I want to use dplyr for some data manipulation. Background: I have a survey weight and a bunch of variables (mostly likert-items). I want to sum the frequencies and percentages per category with and without survey weight.
As an example, let us just use frequencies for the gender variable. The result should be this:
gender freq freq.weighted
1 292 922.2906
2 279 964.7551
9 6 21.7338
I will do this for many variables. So, i decided to put the dplyr-code inside a function, so i only have to change the variable and type less.
#exampledata
gender<-c("2","2","1","2","2","2","2","2","2","2","2","2","1","1","2","2","2","2","2","2","1","2","2","2","2","2","2","2","2","2")
survey_weight<-c("2.368456","2.642901","2.926698","3.628653","3.247463","3.698195","2.776772","2.972387","2.686365","2.441820","3.494899","3.133106","3.253514","3.138839","3.430597","3.769577","3.367952","2.265350","2.686365","3.189538","3.029999","3.024567","2.972387","2.730978","4.074495","2.921552","3.769577","2.730978","3.247463","3.230097")
test_dataframe<-data.frame(gender,survey_weight)
#function
weighting.function<-function(dataframe,variable){
test_weighted<- dataframe %>%
group_by_(variable) %>%
summarise_(interp(freq=count(~weight)),
interp(freq_weighted=sum(~weight)))
return(test_weighted)
}
result_dataframe<-weighting.function(test_dataframe,"gender")
#this second step was left out in this example:
#mutate_(perc=interp(~freq/sum(~freq)*100),perc_weighted=interp(~freq_weighted/sum(~freq_weighted)*100))
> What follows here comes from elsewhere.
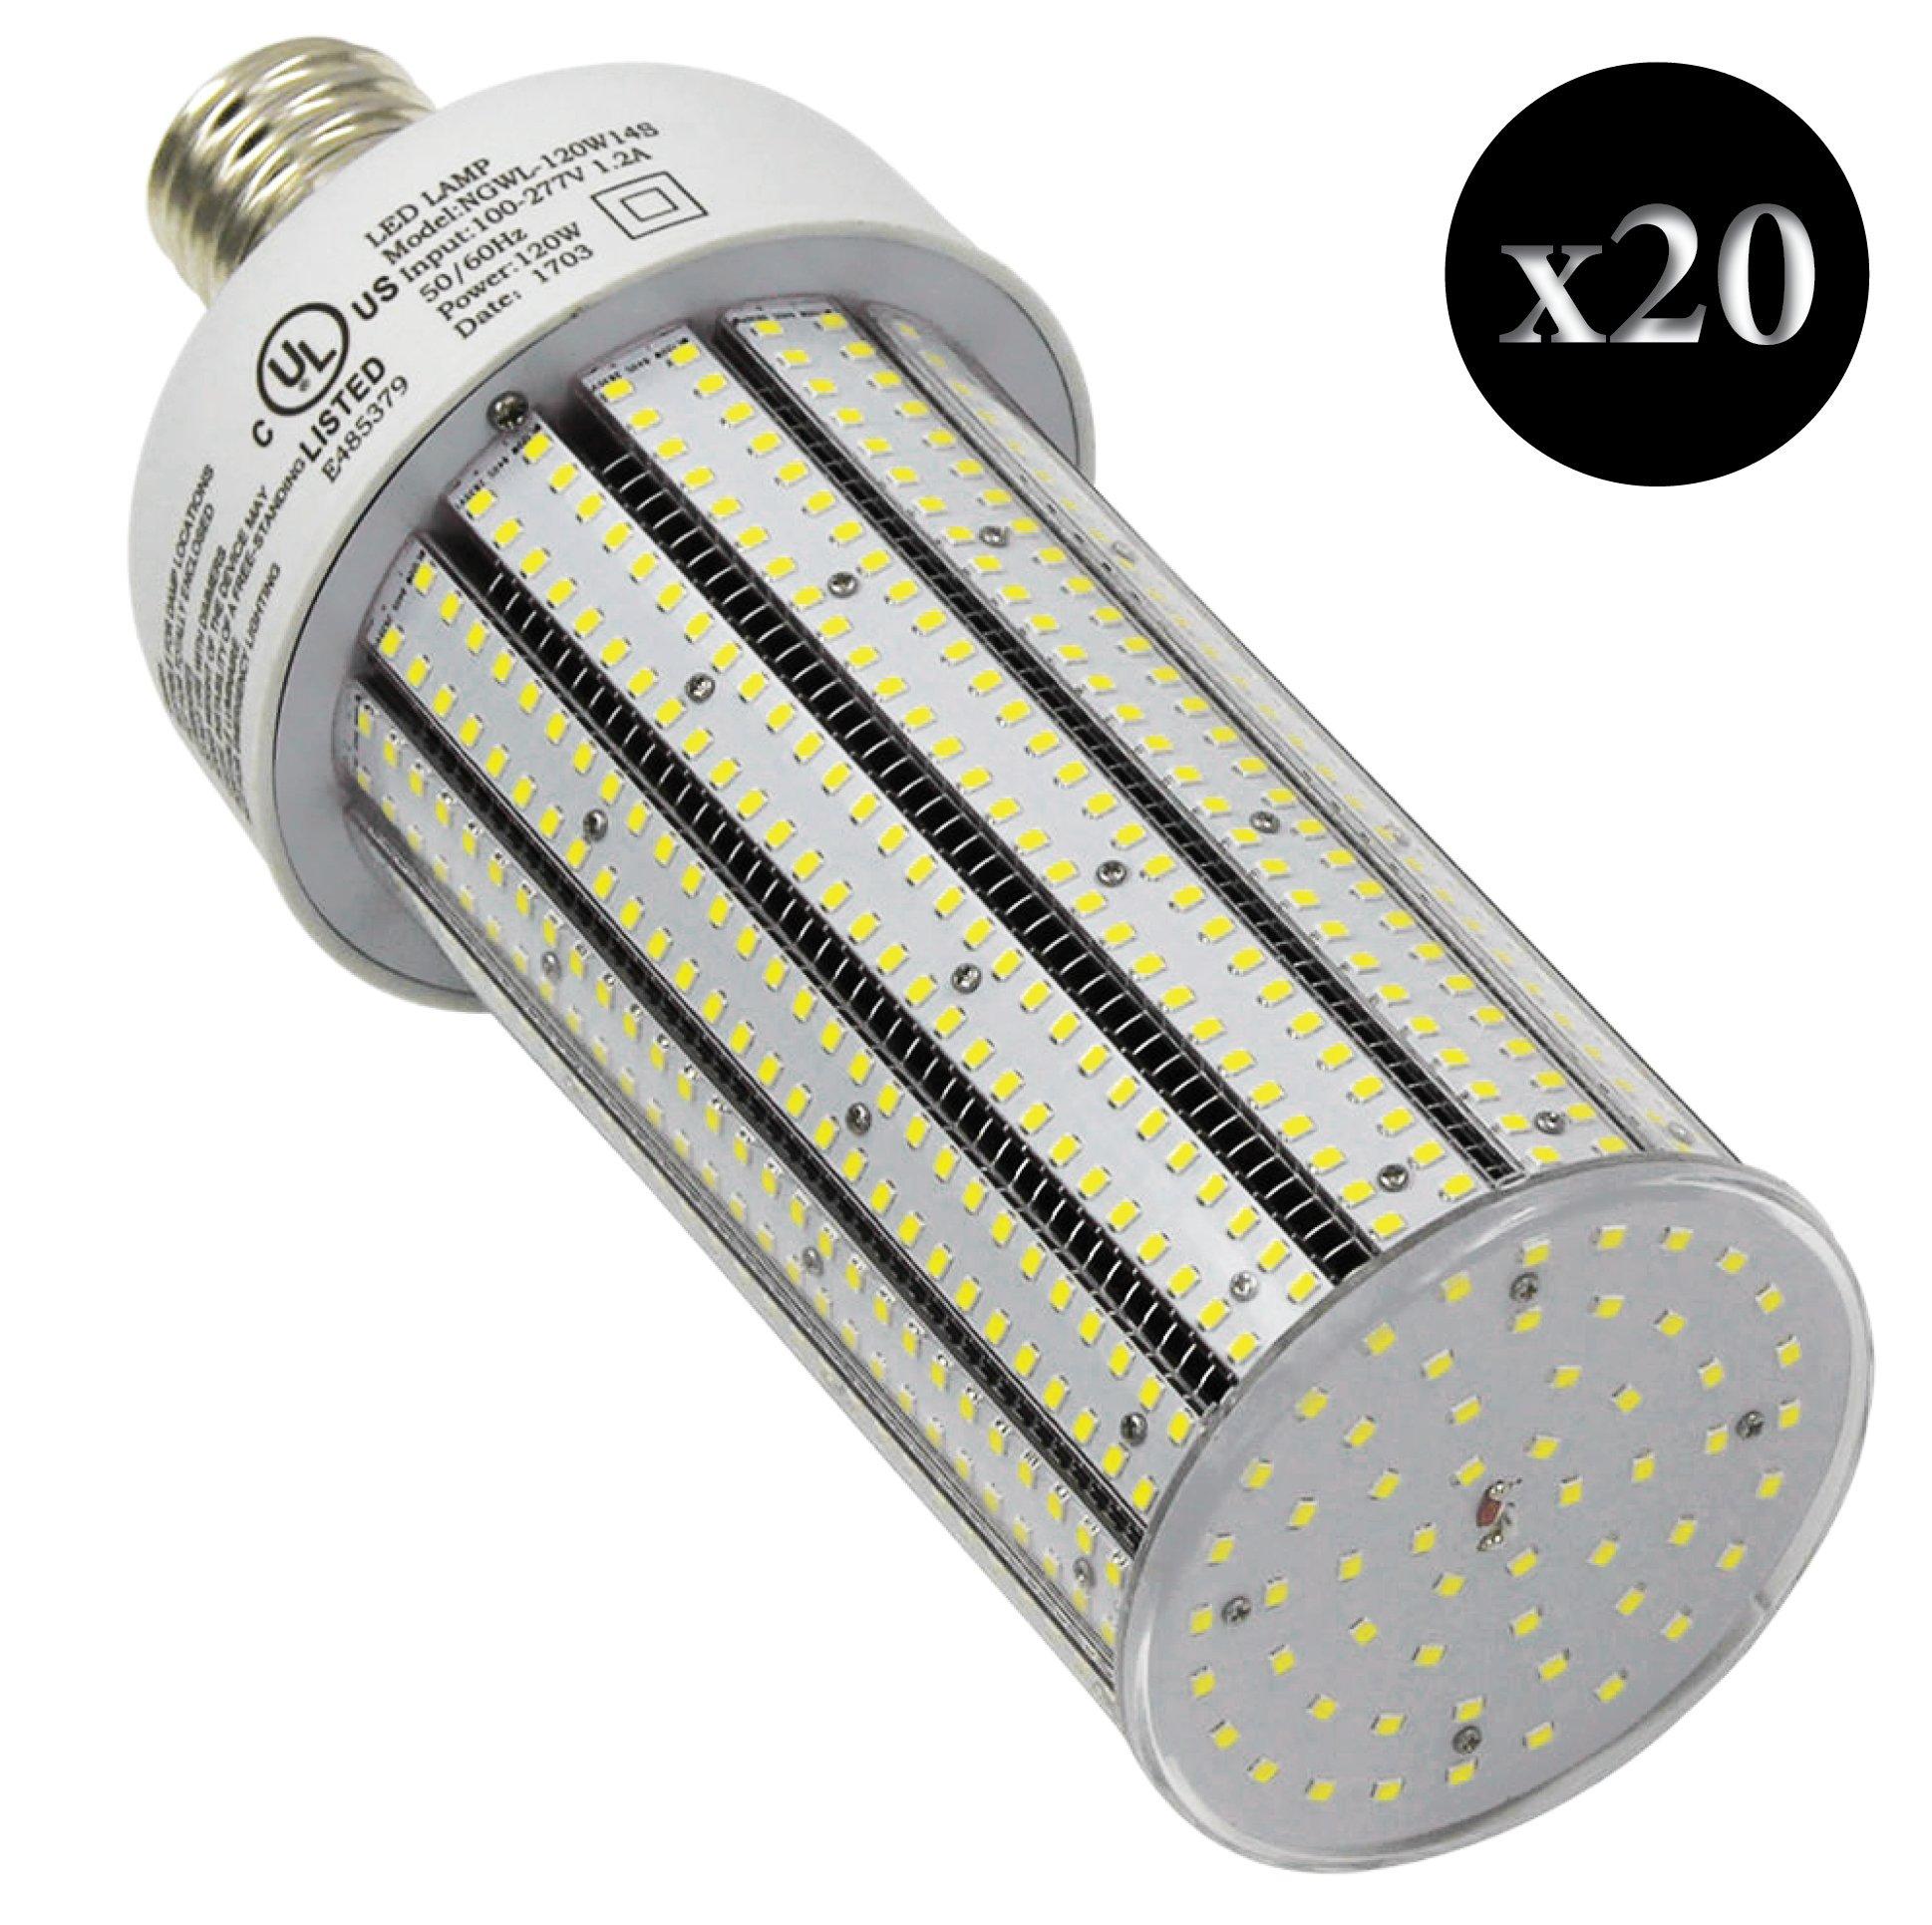 QTY 20 CC120-39 LED HIGH BAY SPORTS ARENA POST LED LIGHT E39 6500K WHITE 120W (EQUIVALENT TO 720W)

This leads to the following Error-Message:
Error in UseMethod("group_by_") :
no applicable method for 'group_by_' applied to an object of class "formula"
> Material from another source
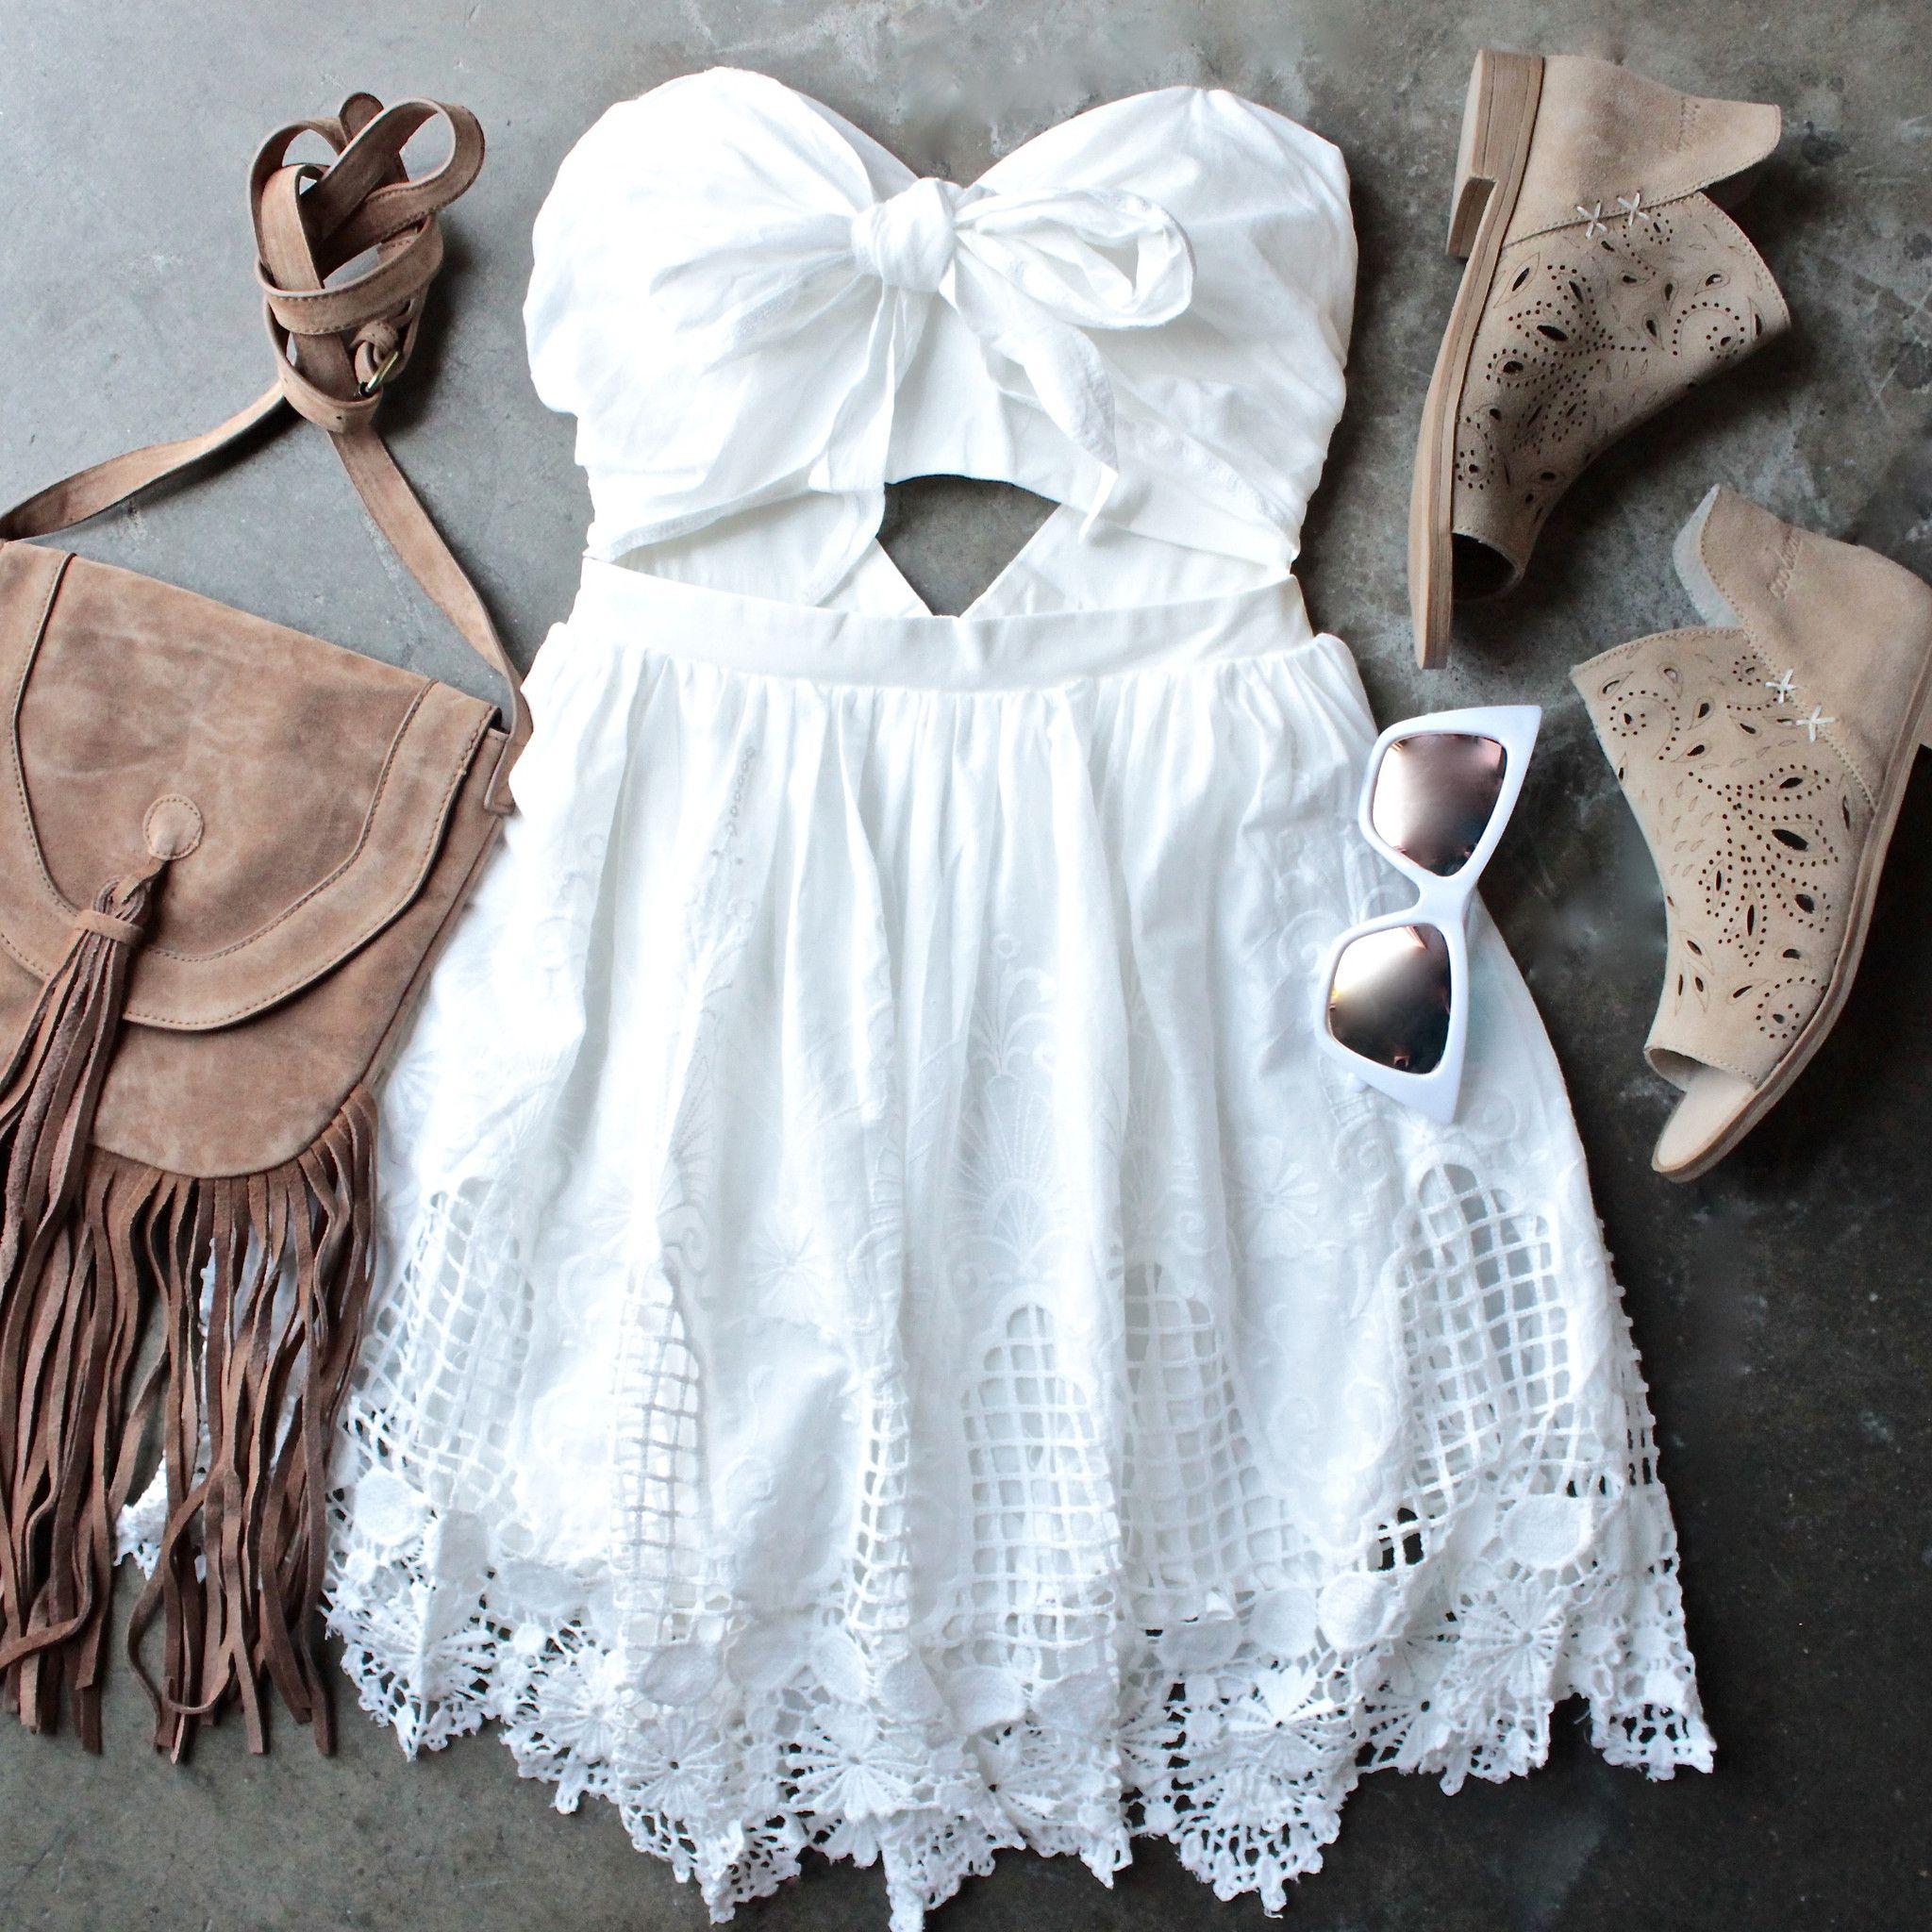 Ribbon tie white crochet summer dress crochet summer summer

I have tried a lot of different things. First, I used freq=n()
to count the frequencies, but I always got an Error (i checked, that plyr was loaded before dplyr and not afterwards - it also didn“t work.).
Any ideas? I read the vignette on standard evaluation. But, i always run into problems and have no idea what could be a solution.